The diner was playing Christmas music, which seemed a little strange so early in December, but Peter Denniau was eating alone at the small booth near the corner table, and his thoughts kept drifting with carols. Sure, the shepherds had heard the angels on high, but had they believed them?

How many shepherds had heard? How many angels had fanned out to the countryside to proclaim the good news? Had an entire horde of shepherds descended on the nativity, or only a very few, wide-eyed and not fully believing they had come on ethereal strains that everyone else acted like they couldn’t hear?

None of this was making it easier for him to ignore the fact that a very pretty young woman was looking at him from a nearby table, her eyes a little wide with admiration, and her lips turning up just a little at the corners.
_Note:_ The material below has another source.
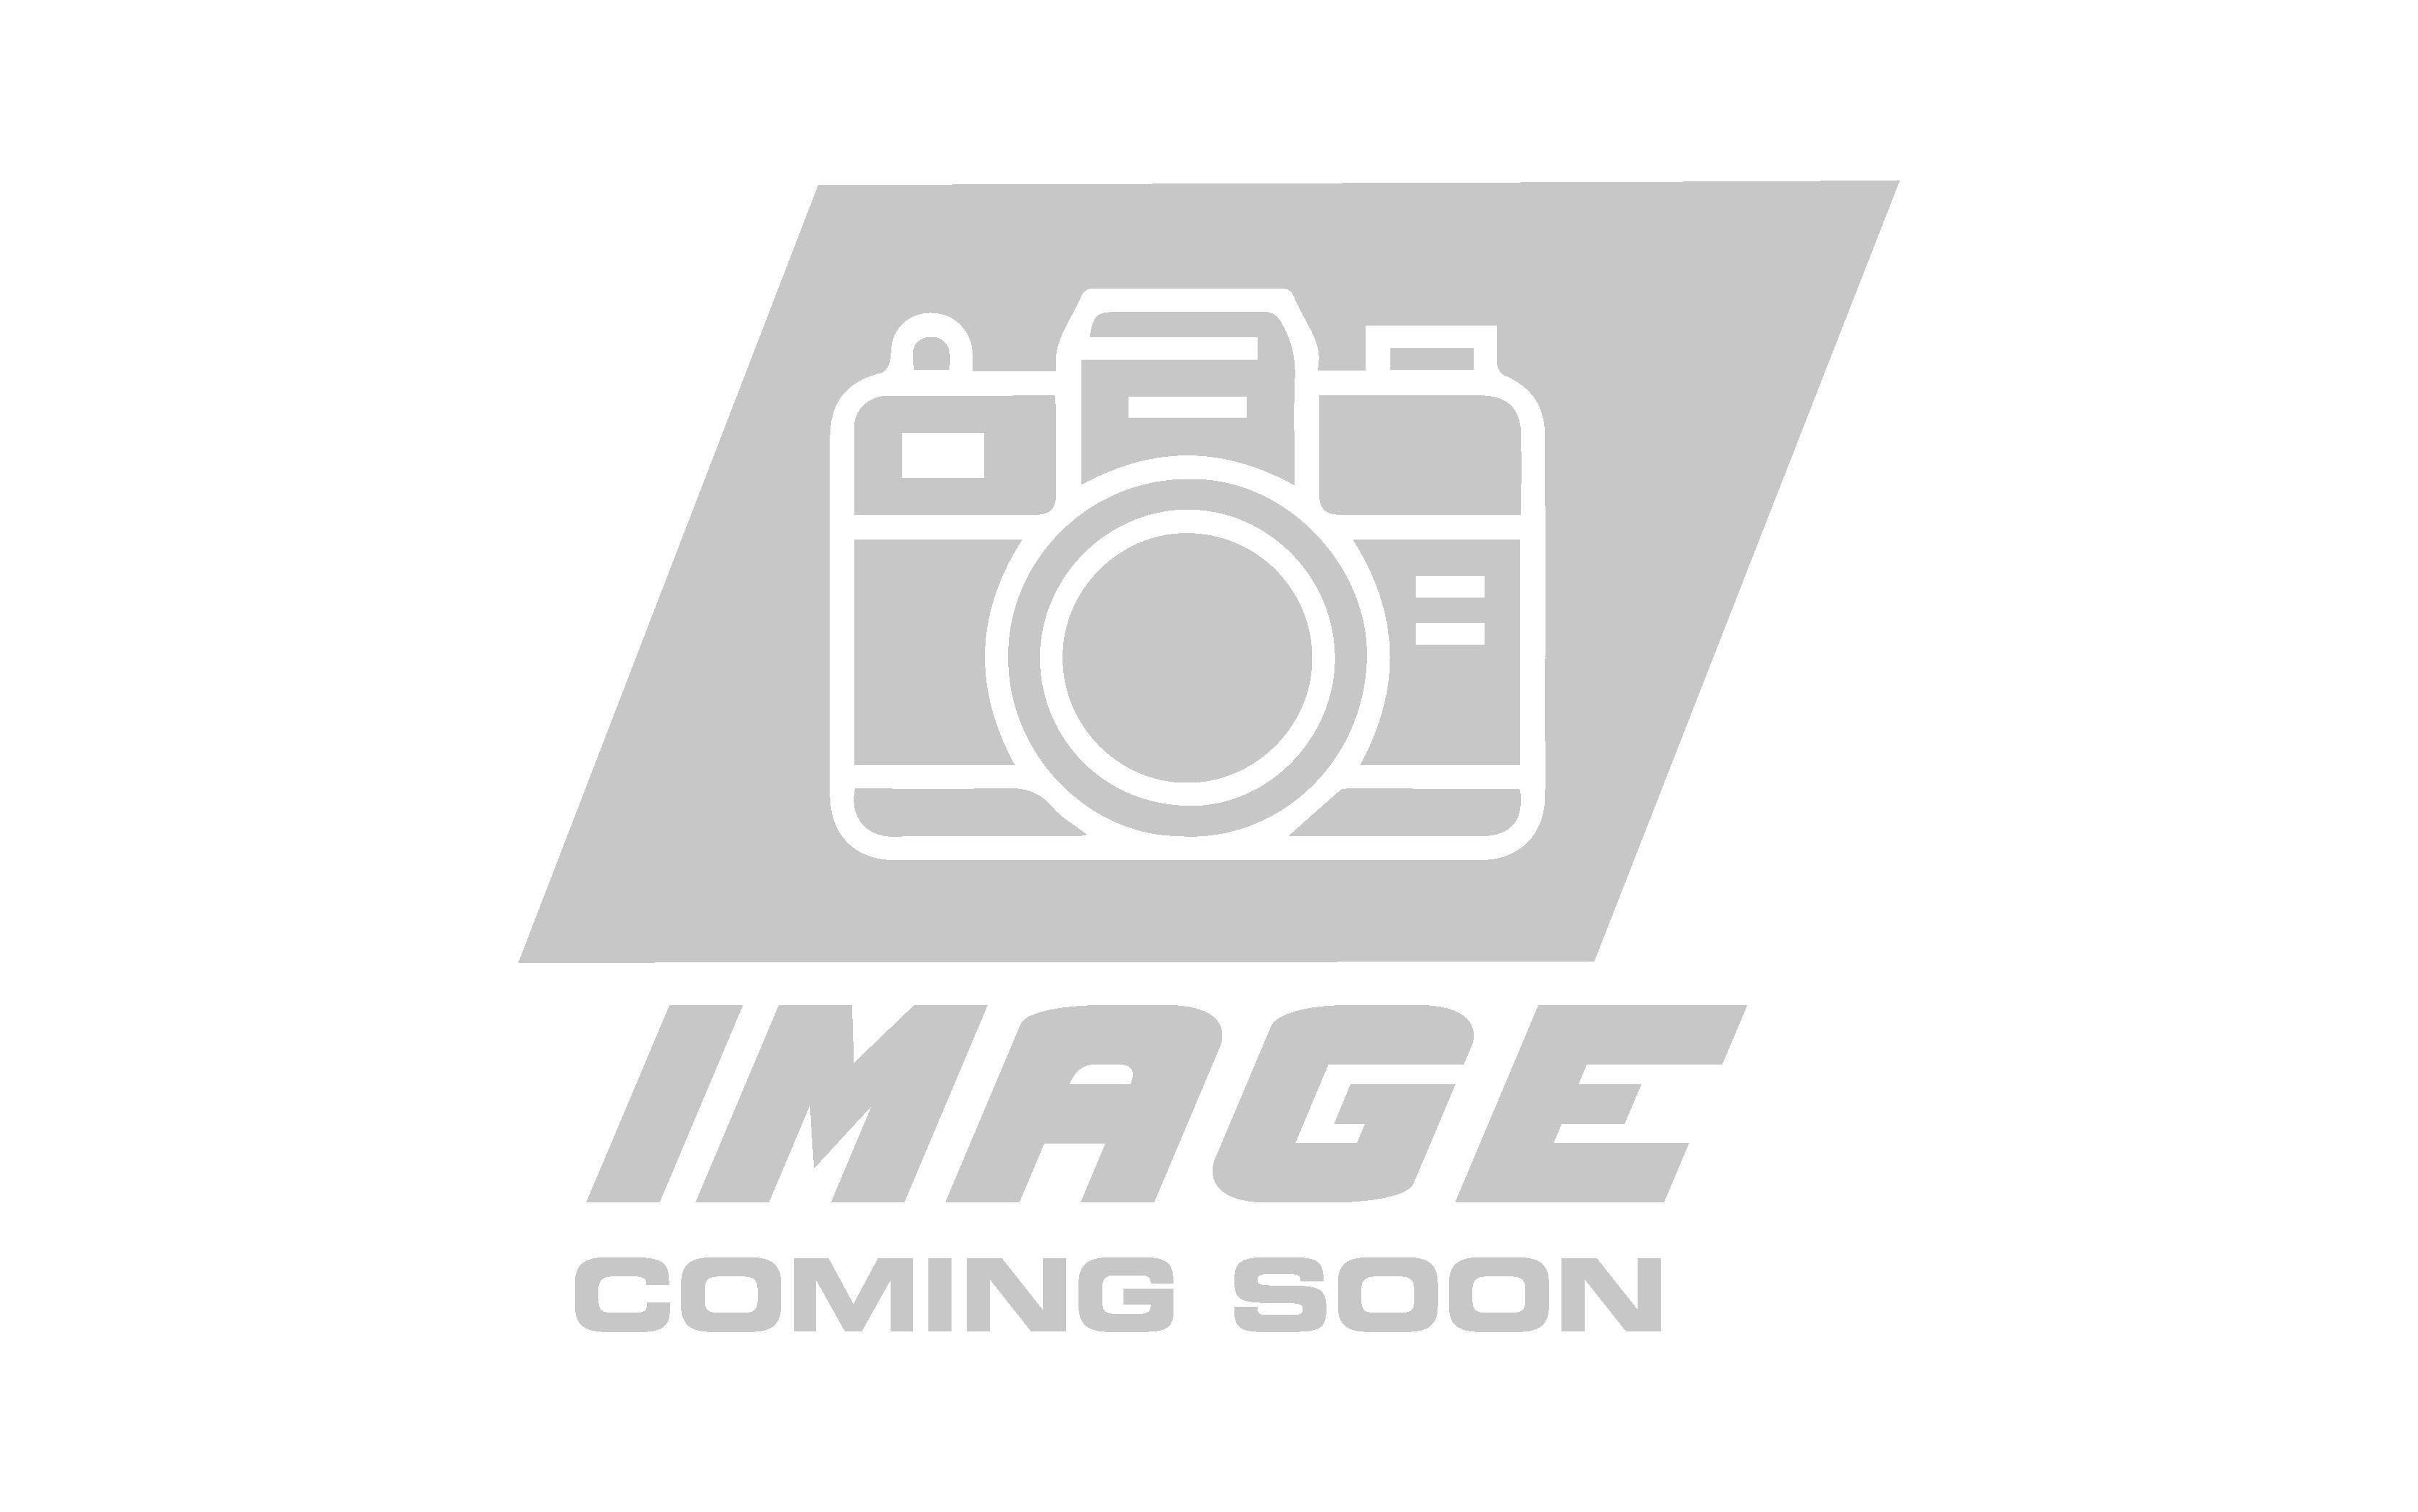 bag_riders_manual_air_management_01.jpg (510.51 kB)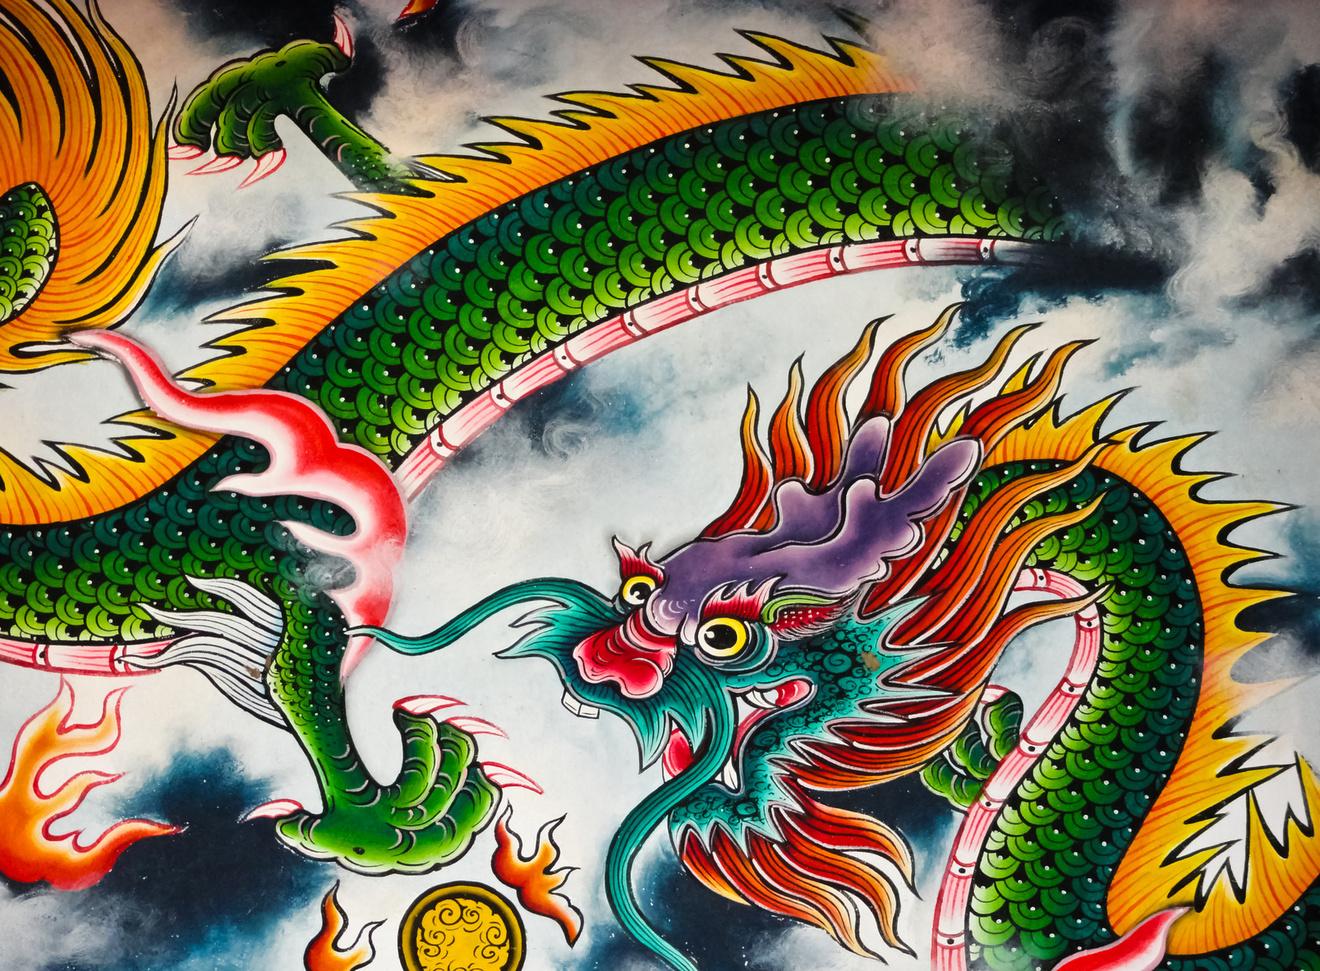 宮城谷昌光おすすめ作品ベスト5!中国の偉人たちを描く、壮大な歴史小説

She was pale blond, and her eyes were a deep sort of amber, and her features were as perfectly symmetrical as they could be without making her look like a doll and hit the uncanny valley. More importantly, her eyes looked animated and intelligent. And she didn’t look like one of the many college students that infested Pete’s kitchen these days. Oh, sure, she looked young enough to still be in college, but there was something to her expression, something to the eyes, that gave the impression she’d lived a longer life and had thought about everything she’d experienced, too. A face that indicated she, as Peter was often accused of, thought too much.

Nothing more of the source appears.